Tuesday, April 10, 2018

What I wanted to say

Dear Tootie,

You are no longer suffering, and for that I am grateful.

I've gone through so many feelings since you left this world Saturday. Grief, relief, rage that you had to go through so much during your 82 years on this planet.

What I should have said to you is what I have only realized in the past few days: you were brave.

You raised five children and catered to a demanding, grumpy, negative, and often demeaning spouse for more than 60 years.

You had one psychotic break and hospitalization after another, one medication failure after another, one that finally worked and had terrible side effects. But you kept going. You didn't give up.

You didn't give up when the rest of the family felt ashamed of you, hid you during your times of illness. They told us you fell down the stairs again and would be in the hospital again. We worried. We finally figured out they were ashamed of something they didn't understand, something that was not your fault.

Yet, later on, you were open about living with bipolar disorder, which affected you so much since you got diagnosed so late.

You were not ashamed. You were strong. You inspired me. I should have said so, and would have said so, but I didn't recognize it until now. I was so focused on being angry at everyone who continued to marginalize you, to fighting for and speaking up for "the cause," that I was blind to what should have been more important.

It takes an exceptionally strong person to persevere when the people who are supposed to care for you most say they "wish you weren't so weird."

You weren't weird to me. You made me sugar cookies when I wanted them on a whim.
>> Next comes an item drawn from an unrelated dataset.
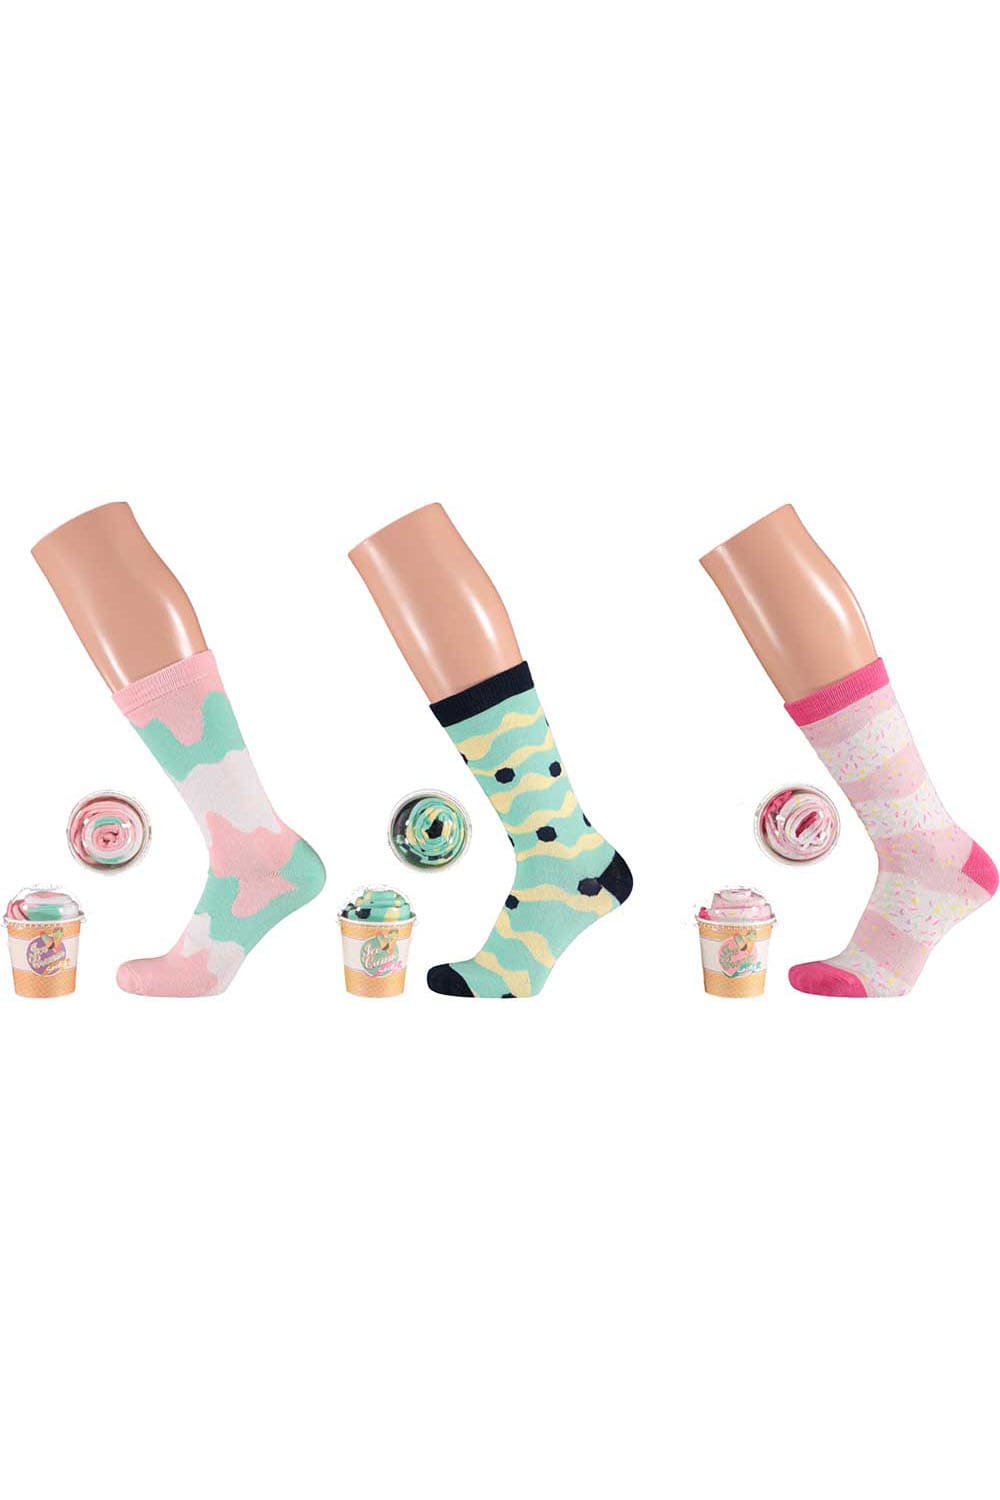 Ultimative Socken mit entsprechendem Glace Design, verpackt als Soft Ice.  Diese witzigen Ice Cream Socken sind einfach ein grossartiges Geschenk fuer alle, die Spass lieben. Diese Socken sind ein originelles Geschenk, dass nicht jeder hat.

You took one step at a time with me on the stairs to match my pace, when I was afraid of falling down them. You told me, when I was upset about my mother getting remarried to an awful man, that it was important that you knew how I felt on her wedding day. No one else wanted to validate a 9-year-old, but you did that for me.

In fifth grade, I naively asked you for a red velvet pinafore, not knowing your medication made your hands shake. You still made it for me.

*Ninja edit: Speaking of brave, I just remembered how you chased off a bear from your cabin porch in Minnesota.

You were just five feet tall, but you said you shook a stick at him, and told him not to come back, and he ran off!*

You were the only grandparent I connected with. It isn't an accident that you were the first person I hugged. (Meanwhile, I refused to go sit on my grandfather's lap, telling him, "I don't like you!" What can I say, I was born with good people sense.)

You continue to inspire me not to give up. I have so many more choices than you do. For that I have both gratitude and sadness.

You lived with so much shit you never should have had to live with, and now you are free.

I only wish I had told you how strong you were.